Python Recap and Objects
Previous: Unix | Next: Regular Expressions |
Required course material for the lesson
Powerpoint: Python Recap and Objects
Powerpoint: Random numbers
Subjects covered
- A short essential recap of Python learned course 22101.
- F-string formatting
- Command line arguments with Python
- The Python Object Model, and how it influences Python.
- Identity versus Equality
Exercises to be handed in
In exercises 2-9 the job is to select the lines in the input file, i.e. the exercises are about which lines to select in various ways. The output is just a few of the lines in the inputfile.
- Make a handy little calculator, calc.py, which takes 2 numbers and a operation from command line and displays the result: Here is an example of how it works:
./calc.py 3 + 6
The output should just be the result. You need to have at least the basic 4 operators working (+,-,/,*). If you want to, you can extend it to have more numbers than 2, like./calc.py 5 + 6 * 4
An issue with operator precedence might appear. - The input file scores.txt is a tab-separated file with an accession number in first column followed by 6 numbers (scores) between 0 and 1. You must find the accession numbers and scores (that means the entire line) of the 10 highest and 10 lowest "combined scores" (combined score is the metric for selection) and save the output in the file scoresextreme.txt.
The combined score is simply the 6 numbers added together. The order of the output must be from high to low. Take the name of input file and the output file from the command line, so the program is flexible. - Change exercise 2 in the following way: There is an input file, negative_list.txt, which is a list of genes which can NOT be part of the output. They are banned from your analysis. As can be seen, the genes are identified by their swissprot id.

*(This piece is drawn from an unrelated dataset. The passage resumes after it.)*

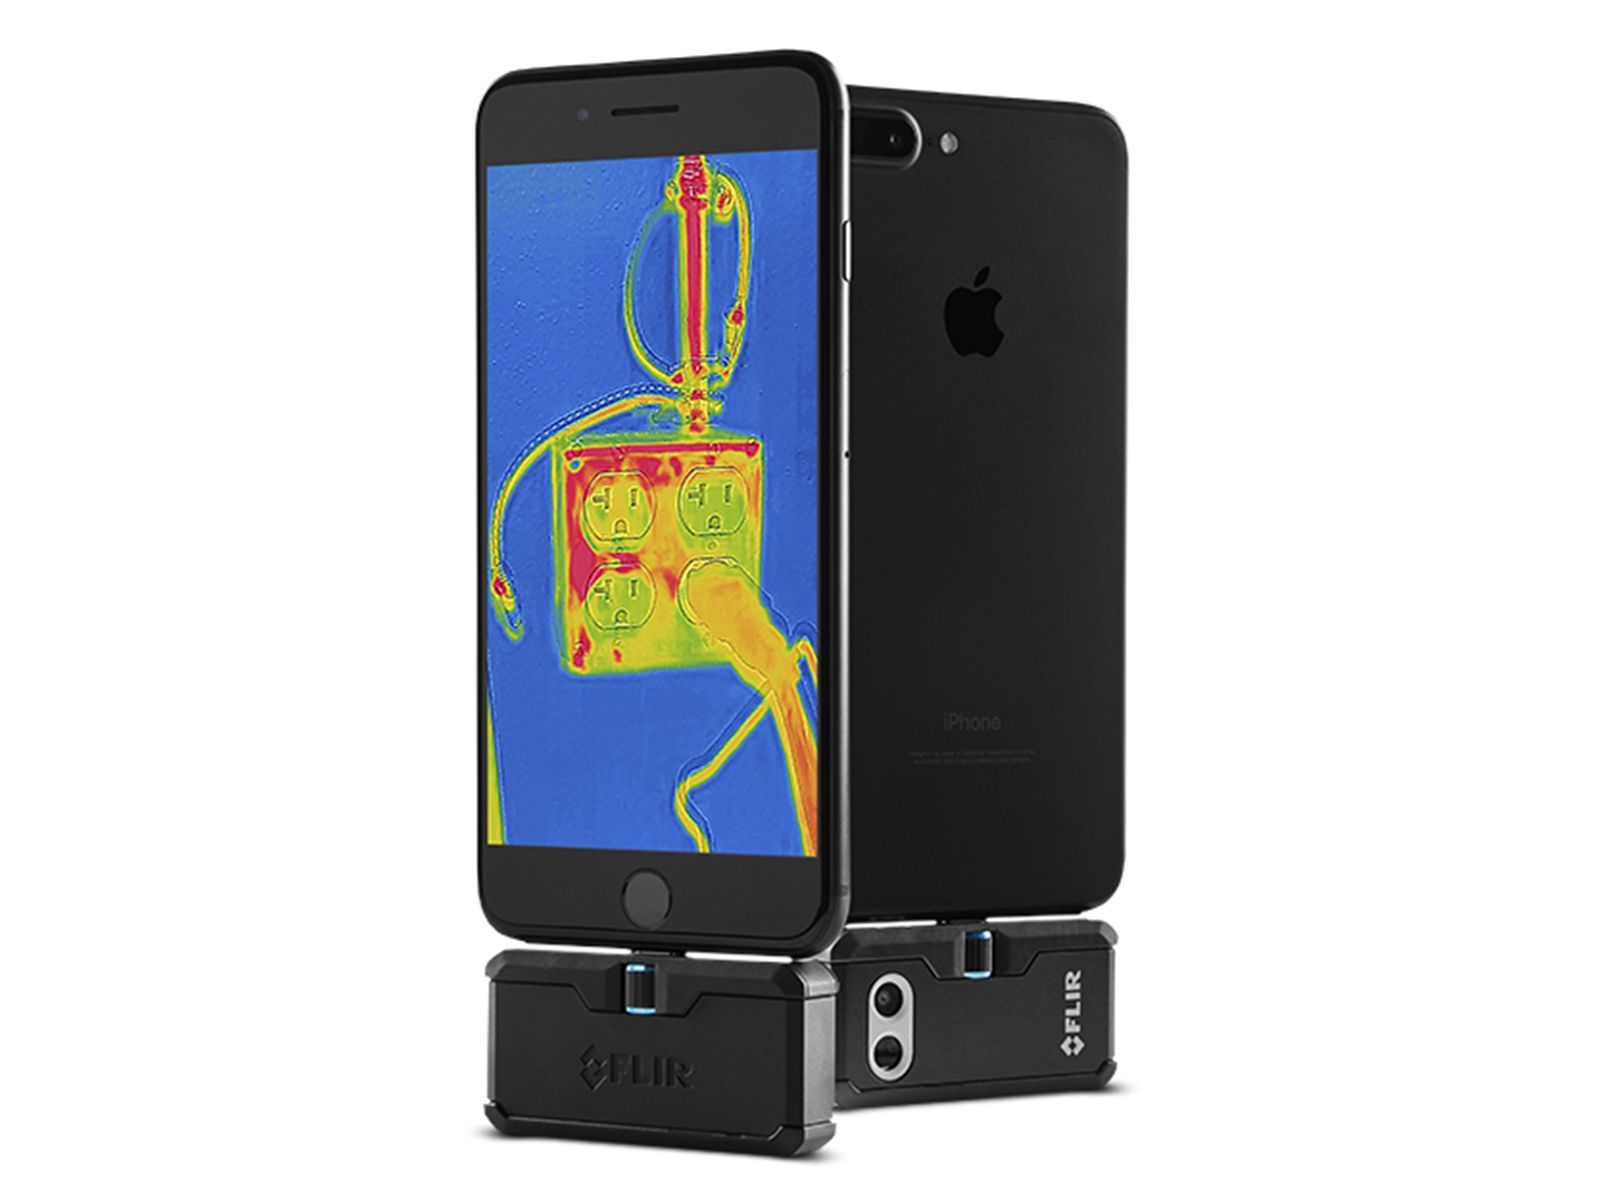 FLIR ONE Wärmebildkameras für Smartphones

In order to translate from swissprot id to accession number so you can relate it to the scores.txt, you must use the input file translation.txt, where the first item on the line is a accession number, second item is the corresponding swissprot id.
- Change exercise 2 in the following way: Make the program work no matter how many numbers there are on every line. It must be the same number of numbers, i.e. in one file it could be 10 numbers on every line, in another file it could be 7 numbers per line.
- Change exercise 2 in the following way: Instead of using the combined score as the metric for selecting the accession numbers and scores, then use the average score as the metric. That will allow for having a different number of numbers on each line in the input file.
- Change exercise 2 in the following way: When you calculate the combined score the first number should weigh 50% more than the other numbers and the last should weigh 50% less.
- Change exercise 2 in the following way: When you calculate the combined score the numbers should be weighted after a linear sliding scale with the first number count for 50% more than its real value, sliding linearly down to the last number which is weighted 50% less. The weight is thus dynamically calculated according to how many numbers there are on the line and which position the number is on the line.
N is the number of numbers, P is the position of the number, then the weight W is calculated as: W = 1.5 - (P-1)/(N-1)
A more generic expression for the sliding weighting scale - B is the beginning weight, E is the ending weight: W = B - (B-E)*(P-1)/(N-1) - Change exercise 2 in the following way: Just find the 10 lines in the input file with the highest combined scores. This should be easier than the original exercise.
- This is the same exercise as the previous (ex 8), however imagine that the input file is enormous - so big that you can not have it in memory. You still need to solve the problem, and this is done by having a running list of the best scores.